Now, two months later, I was knocking on Leta’s door. I’d gotten to know Leta as she cared for Brett. It was clear he adored her and the feeling was mutual. She had a loving heart, just like her sister. I was here today to ask the question I’d wanted to ask for months.
“Oh, hi, Brandon,” she said in surprise. “Does Barrett need something?”
“No,” I said. “May I come in? I was hoping we could talk.”
“Okay.” She stepped back, opening the door wider so I could pass.
I sat on the couch, clasping my hands together to keep from fidgeting. “How is she?” I blurted out.
“Why do you want to know?” She didn’t bother pretending not to know who I was talking about, which I appreciated.
“Because—” I paused to find the right words “—because I care.”
“You care,” she repeated. “Sorry, not good enough.”
“I know it’s not good enough, but the things I need to say need to be said to Layna.”
“Can’t help you.”
“Can’t or won’t?”
“Six of one, half dozen of the other,” was her cryptic response. “It doesn’t really matter, because I don’t know where she is. As far as we know, she’s only told one person where she’s living.”

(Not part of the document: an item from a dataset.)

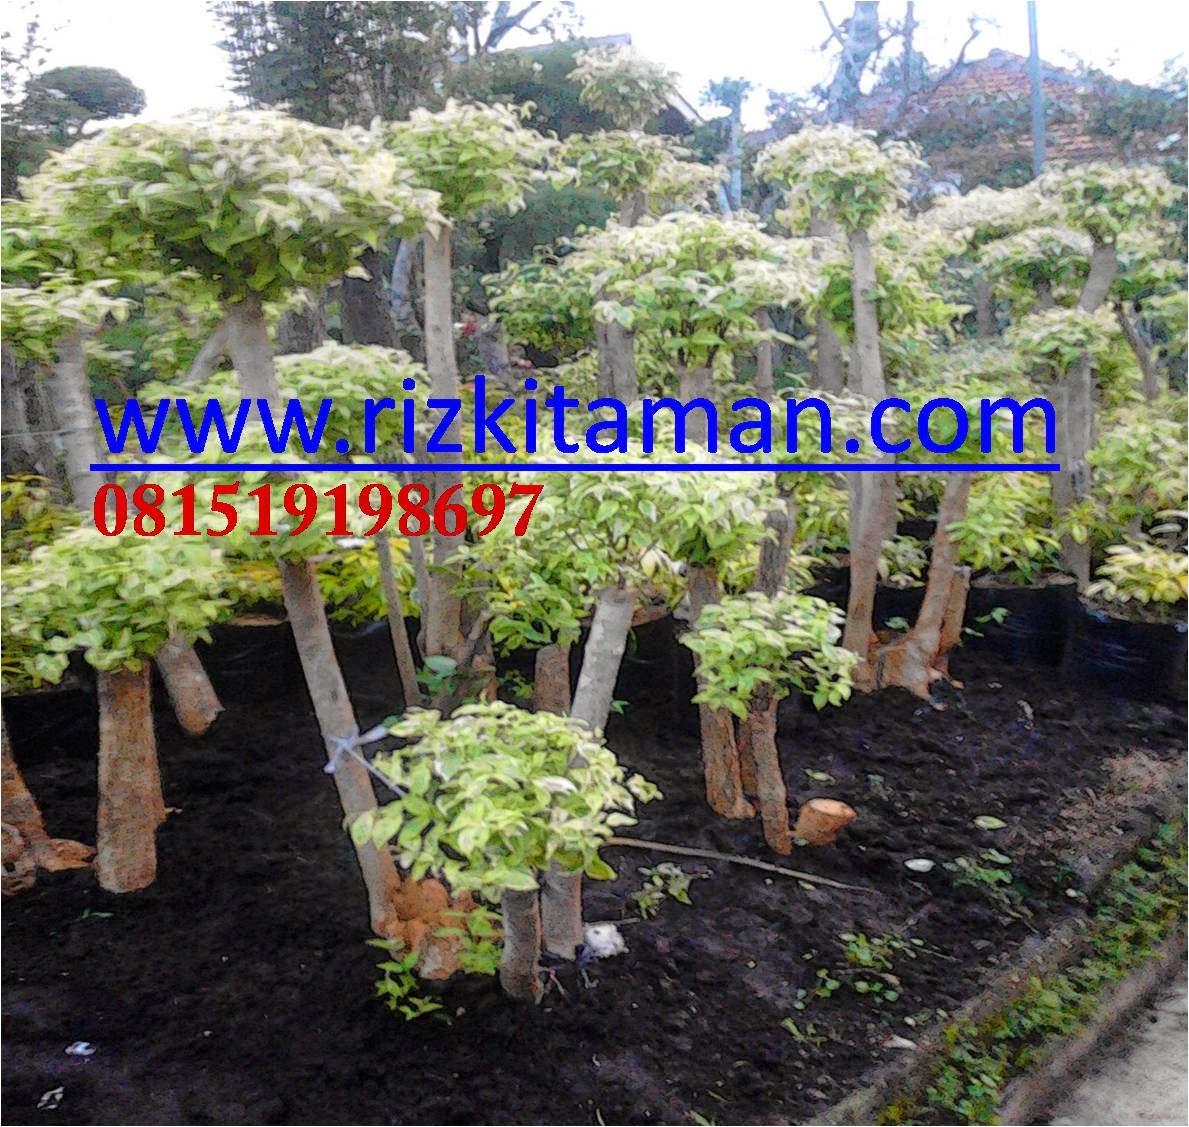 Jual bonsai anting putri | suplier tanaman bonsai dan bunga | tukang taman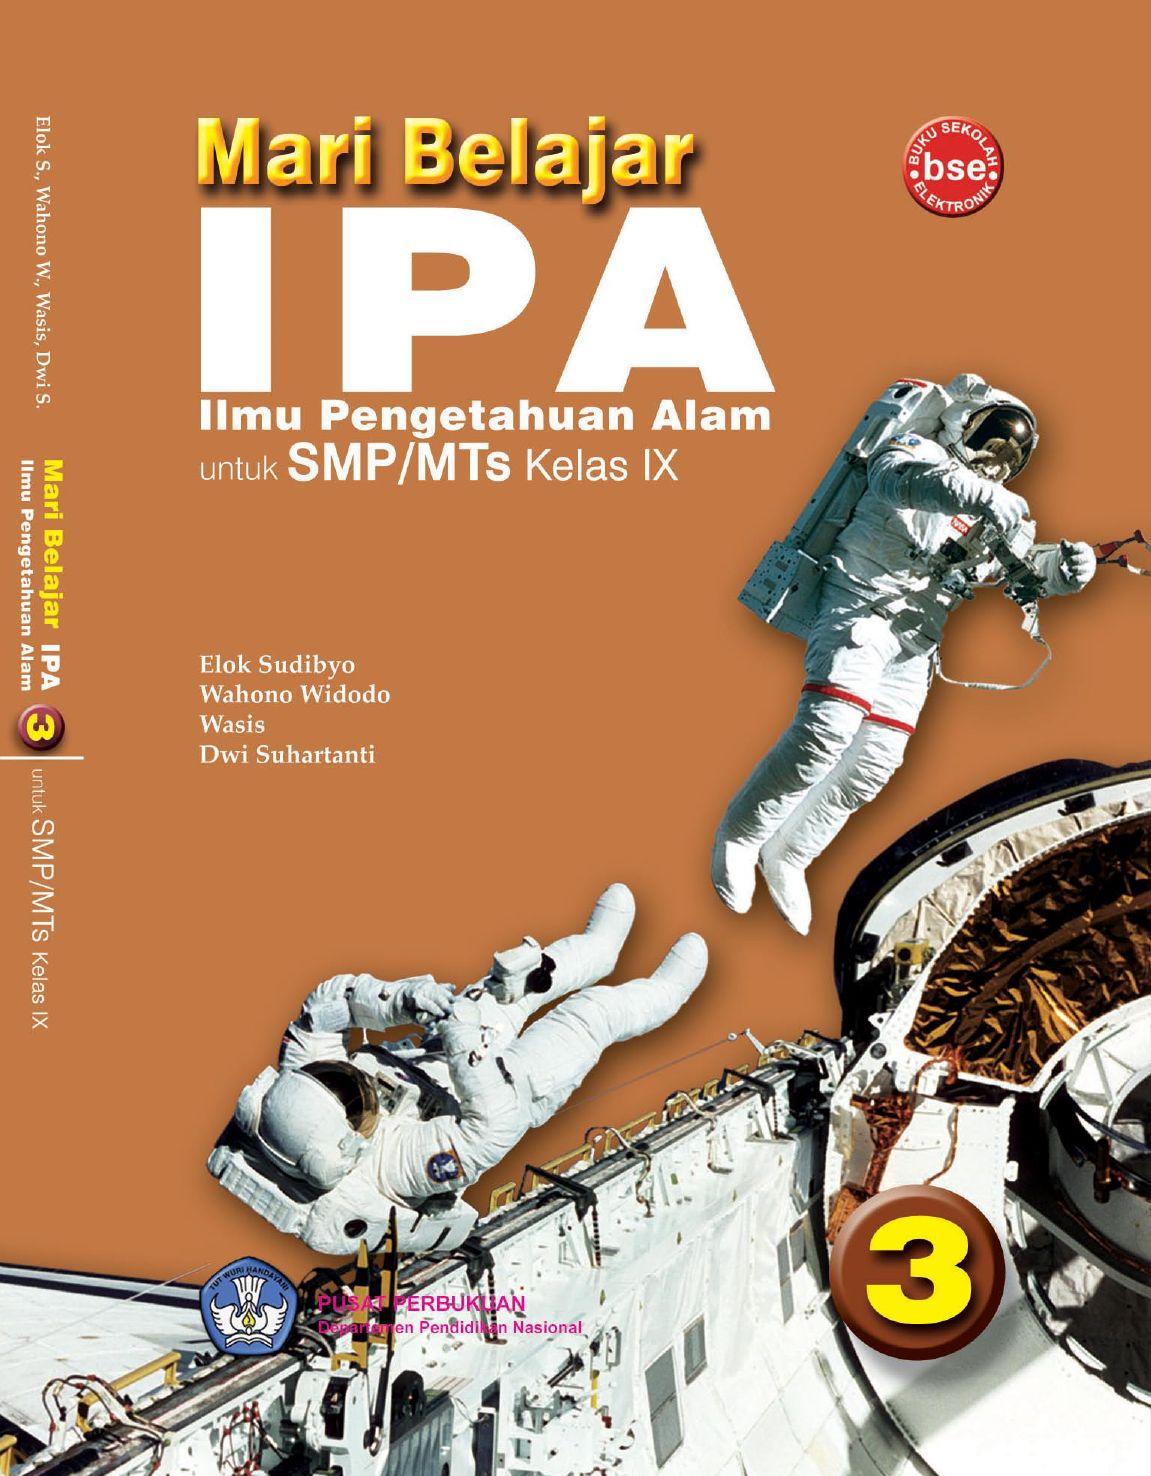 186 Gambar Clip Art Sketsa Tumpukan Buku 30 Cm Jpg

I had a feeling I wasn’t going to like the answer to the next question. “Who did she tell?”
“Can’t tell you that either. She said you would figure it out if you wanted to know
badly enough. Personally, I think she overestimated you.”
“Jesus, what the hell did I do to you?”
“You hurt someone I care about.”
“And I don’t deny it, nor do I excuse it, but you have no right to judge me. You think you know everything because you’ve been here all this time, but you don’t know what I lived with for the last thirteen years, so until you do, don’t pass your final judgment.”
“Fair enough,” she conceded.
“Where do I find him?”
For the second time that day, I knocked on a door, hoping to get the answer to my question.
“What can I do you for, man?” James said as he rubbed his eyes and yawned, clearly not checking to see who I was first. “Shit.” He figured it out.
“I take it Leta didn’t call to warn you I was on my way.”
It took him a second to respond. “She may have. I just came off a forty-eight-hour shift and was catching up on some sleep. I turned my phone off.”
“May I come in? I’d like to talk to you.”
He looked like he’d never considered that I would ever want to talk to him. “Yeah, sure, come in.”
I followed James into his living room. “Uh, have a seat. I’m going to throw on some coffee. Would you like anything?”
Yes, your sister’s whereabouts didn’t seem like the right way to ask, so I told him no thanks instead.
We sat there awkwardly before James spoke up. “I’m sorry to be so nervous. In all the years I’ve known your family, I never thought I would actually meet you. I’ve had this speech I rehearsed over and over again, in case I ever got the chance to talk to you, and now I can’t remember most of it, and the parts I do remember aren’t enough to say how sorry I really am.”
“I think you’ve apologized enough for the mistake you made thirteen years ago. It’s time we all move past it.” I looked James in the eye, man to man. We were no longer boys who thought we had all of the answers. The two of us knew that sometimes there was no clear-cut answer.
“Thank you. I hope I can be worthy of the forgiveness and second chance I’ve been given.”